When you install the package, the crate source gets dumped into (rather arbitrary) /usr/share/rustsrc/$crate-$x.$y.$z with a symlink from $crate-$x.$y for Cargo.toml path convenience. I made the guess that x.y would be good enough to at least verify the approach, and so far I’ve hit other problems first. Note that I completely ignore Cargo.lock - I’m sort of unclear on whether that’s a bad thing, or expected.

So! I eventually have an example non-library Rust thing that I’m trying to build in this environment (in my case “cargo” itself). The debian/rules packaging script currently tries to build this with CARGO_HOME set to a temporary (empty) local directory to isolate from the local user’s settings, and I run ./configure --prefix=/usr (works fine), then make (and cargo build --release fails).

Some issues:

  • As far as I can see, cargo insists on updating the crates.io registry, even though there’s no dependency (afaics) which is using crates.io. Should I create a dummy registry checkout in order to prevent this?
  • Cargo goes ahead and ignores all my Cargo.toml path-rewriting work, and downloads all the crates from crates.io again, including things like winapi that shouldn’t even be in the dependency chain after my edits! Any suggestions on where cargo is getting this idea of the dependency graph from?

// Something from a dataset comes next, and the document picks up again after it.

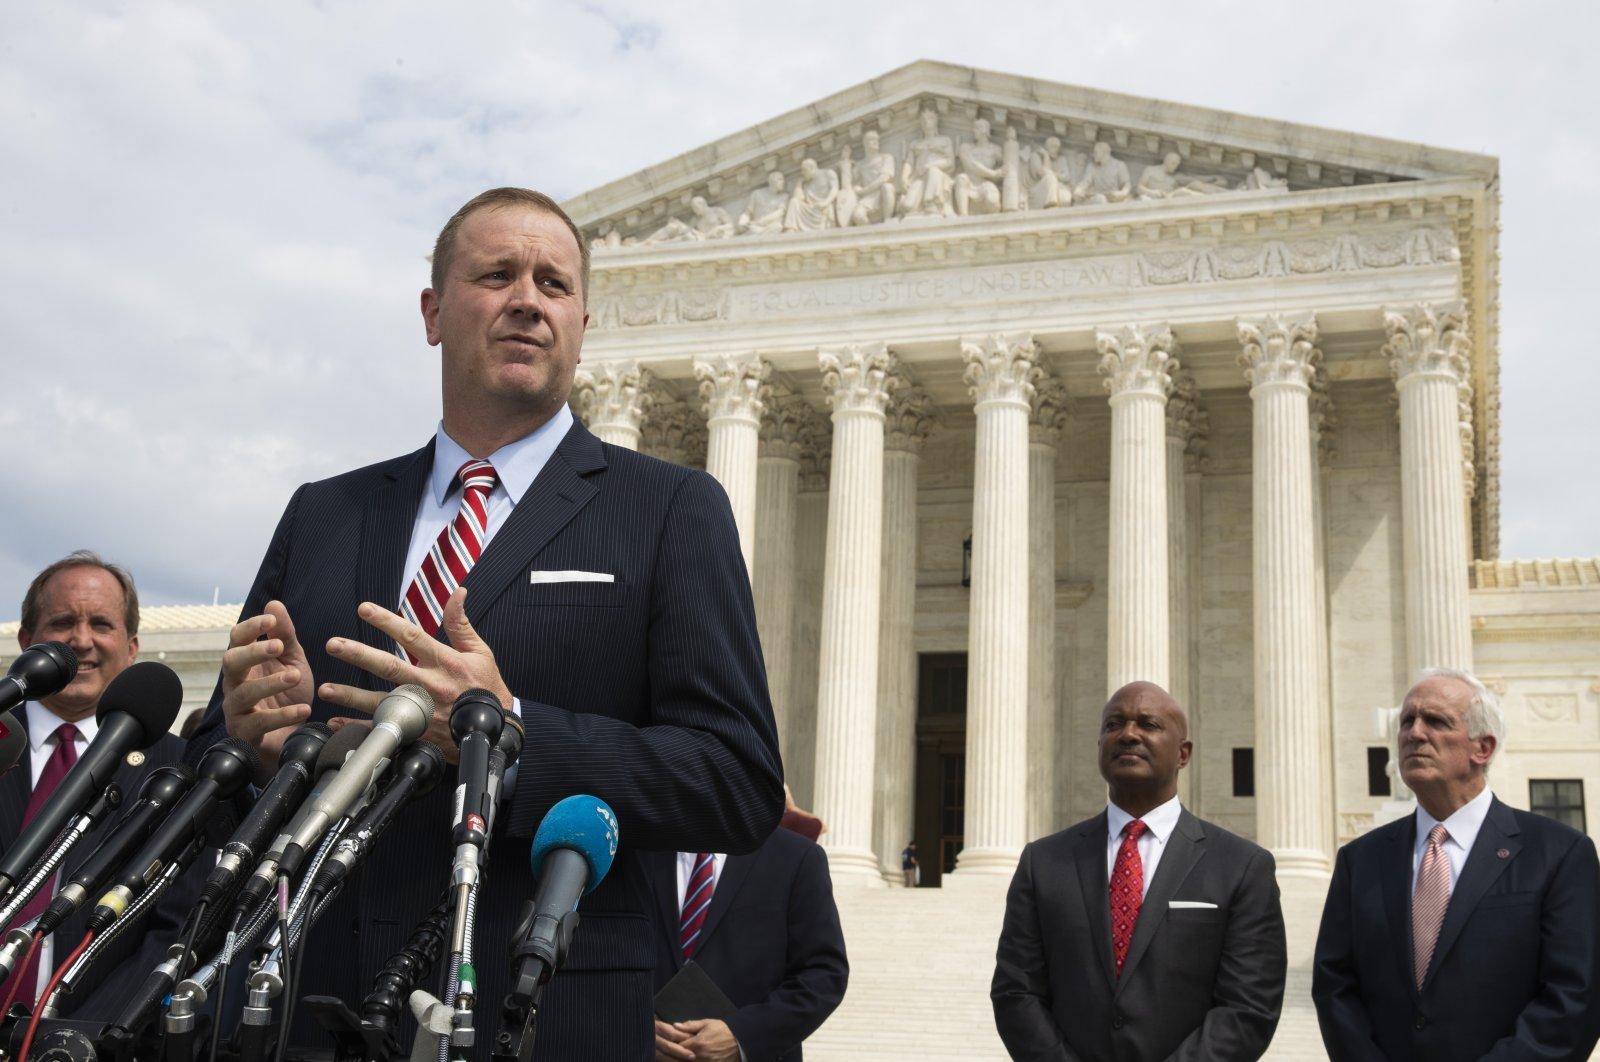 Missouri Attorney General Eric Schmitt speaks in front of the U.S. Supreme Court in Washington D.C., U.S., Sept. 9, 2019. (AP Photo)

Note all of this is all entirely unrelated to the cargo package recently actually added to Debian unstable. That package uses a simpler (working!) build approach - I’m trying to explore the more general challenge of building cargo-using apps without vendoring all the dependent crates.

3 Likes

I'd be interested in hearing more about this.... if anything, we've had an under specified problem, I'd think.

Just wanted to say thanks for all the work you've put into blazing the trail here!

This is being worked on in Need ability to add dependencies based on `#[cfg()]` · Issue #1007 · rust-lang/cargo · GitHub / https://github.com/rust-lang/rfcs/pull/1361

This was a reason I suggested the possibility of adding a make dist style cargo command, especially if the other option on the table is each distro manipulating the Cargo.toml which I have no interest in managing.

I use -Wl,-z,relro,-z,now in my build of Rust for Yocto. Its a fork from a previous repo and is a bit of a mess but I’m working to clean it up. The repo is called meta-rust.

I’ve actually landed a patch in Rust master to treat i386, i486, i586, and i686 in mk/platforms.mk recently. It had already done i386 and i686. Yocto also targets i586 and the meta-rust I cloned my repo from had been patching that spot for some time.

Sorry for interfering. Any plans for two specific things:

  1. Binding to custom crate repositories?
  2. Allowing to release pre-built artifacts for crates?

Thanks

@gus Thanks for working through all that and giving us the details. Next week the Rust team is meeting in person and we’ll try to regroup to understand the problems you are dealing with, how Cargo can ease them.

@target_san

  1. It is possible to use other repos than crates.io, though not super tested in the wild. See this unit test, which frobs registry.index in .cargo/config. @alexcrichton says you might also want to look at the implementation of cargo-vendor.

  2. I don’t think there are specific plans for releasing binaries, though it’s known to be a desirable feature.